Saudi Arabia signals support for Russia’s role in OPEC+

Saudi Arabia signals support for Russia’s role in OPEC+

Saudi Arabia has signalled it will stand by Russia as a member of the Opec+ group of oil producers despite tightening western sanctions on Moscow and a potential EU ban on Russian oil imports.

Prince Abdulaziz bin Salman, the energy minister, told the Financial Times that Riyadh was hoping “to work out an agreement with Opec+ . . . which includes Russia”, insisting the “world should appreciate the value” of the alliance of producers.

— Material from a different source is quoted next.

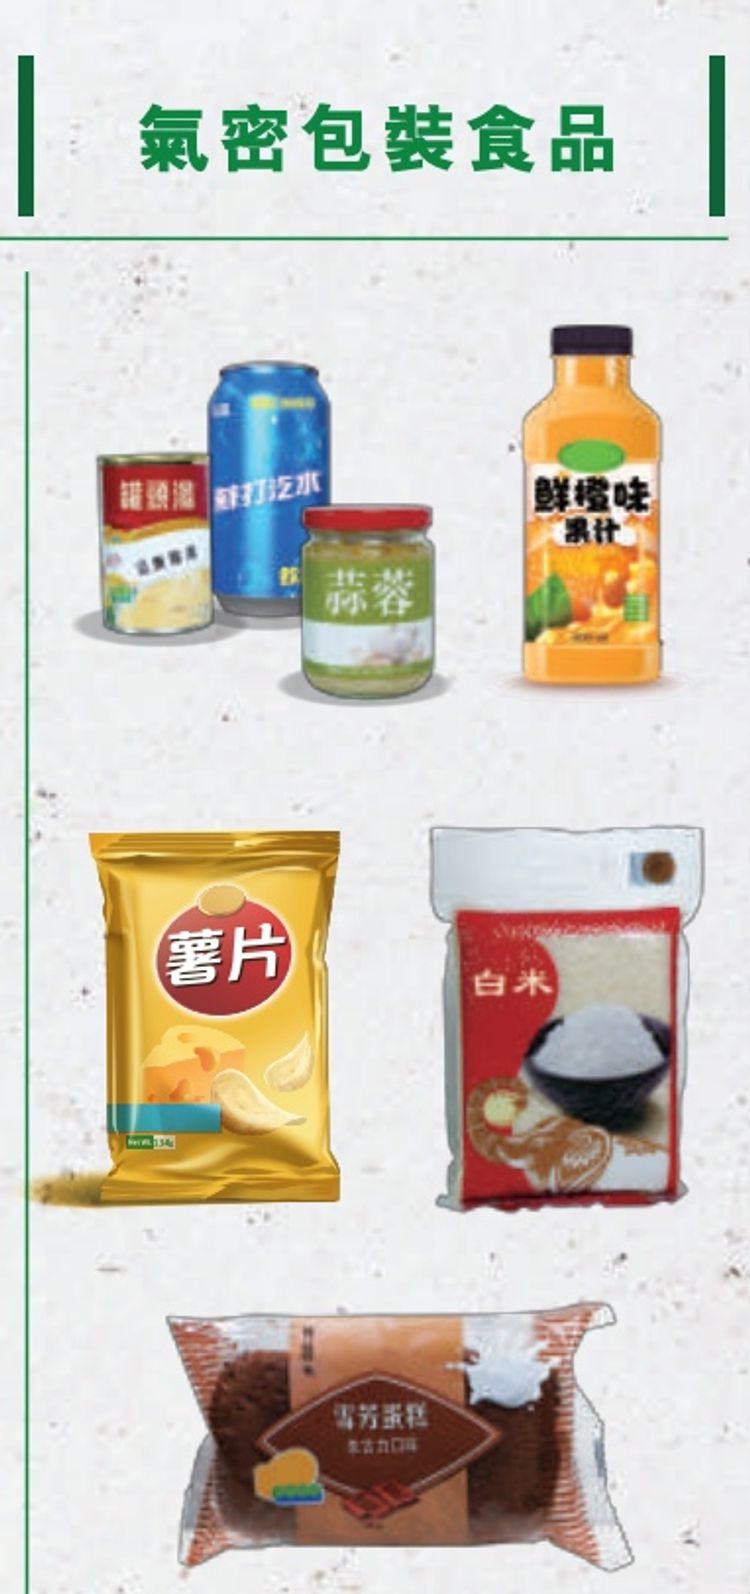 膠袋徵費懶人包, 12月31日徵費加至1元, 冷凍食品不再豁免, 僅3種情況例外, HKBT, 香港財經時報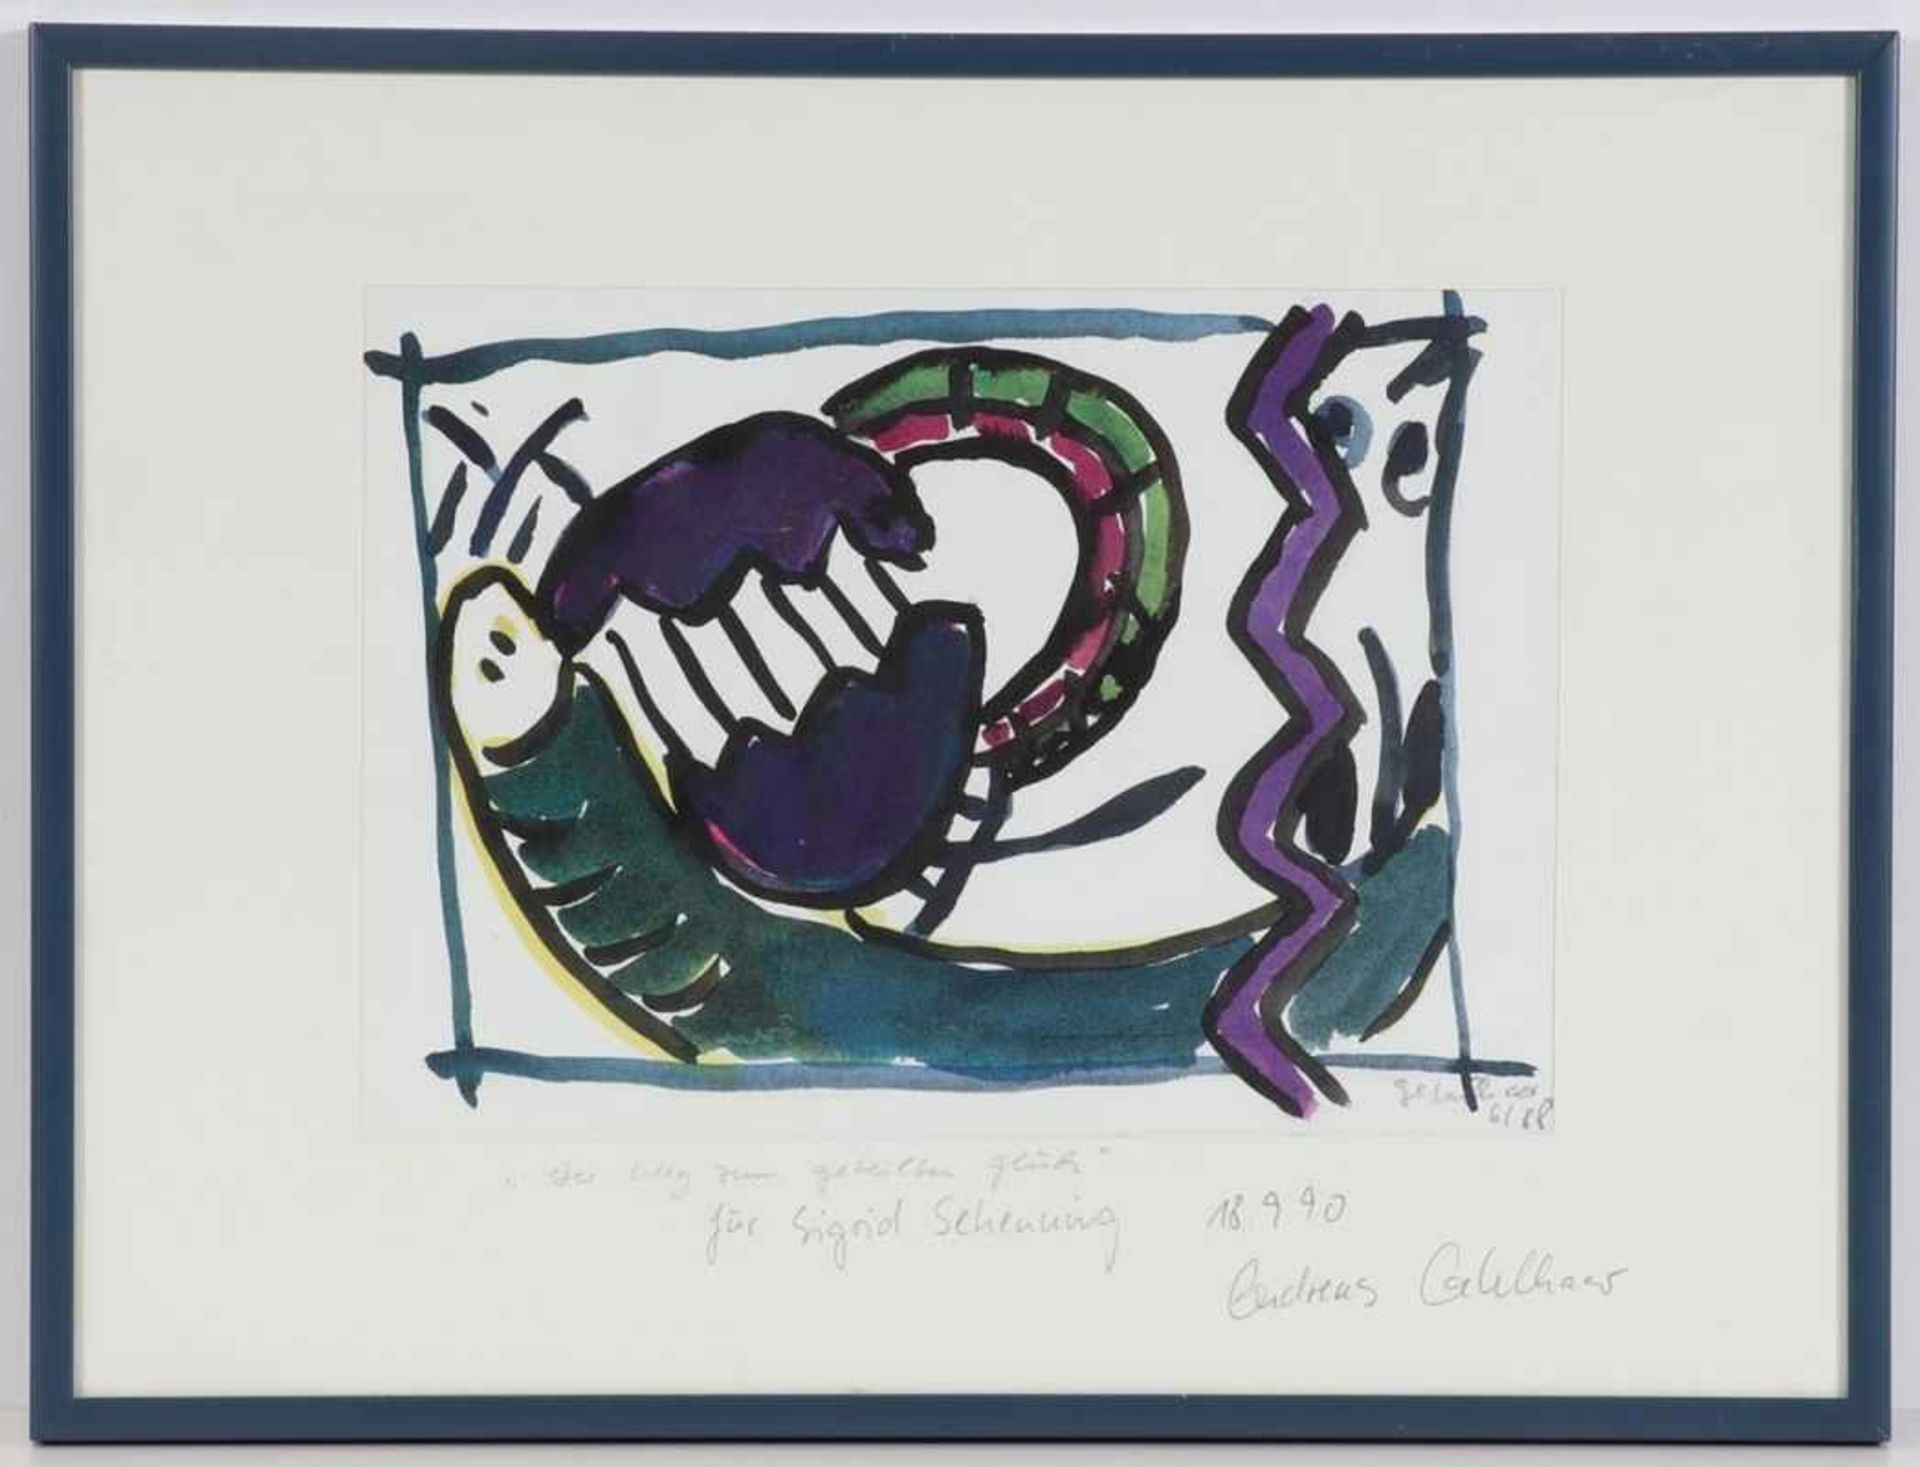 Andreas Gehlhaar1960 Gelsenkirchen - "Der Weg zum geteilten Glück" - Aquarell/Papier. 18,6 x 26,5 cm

A new production deal is on the agenda as Opec+ output quotas put in place in April 2020 are set to expire in three months while energy consumers grapple with oil prices at their highest levels in a decade. 

Prince Abdulaziz said it was too early to say what a new agreement might look like given the uncertainties in the market, but added that Opec+ would increase production “if the demand is there”. “With the havoc you see now it’s too premature to try to pinpoint [an agreement],” Prince Abdulaziz said in an interview. “But what we know is what we have succeeded to deliver is sufficient for people to say so far there is a merit, there is a value of being there, working together.”

The minister blamed soaring prices at petrol pumps on a lack of global refining capacity and taxes. “The determinant of the market is refinery capacity, and how do you unlock it,” he said. “At least for the last three years, the whole world lost around 4mn barrels of refining capacity, 2.7mn of them just from the beginning of Covid.”

Prince Abdulaziz said politics should be kept out of Opec+, adding the alliance would be needed to bring about “orderly adjustments” in the future amid uncertainty about coronavirus lockdowns in China, global growth and supply chains.

He said that to ease bottlenecks in production and refinery capacity governments had to encourage the industry to invest in hydrocarbons even as nations switch to cleaner energy sources. “This situation needs people to sit together, focus, take out the masquerade and the so-called political correctness . . . it’s about trying to relate to existing reality and find remedies to it.”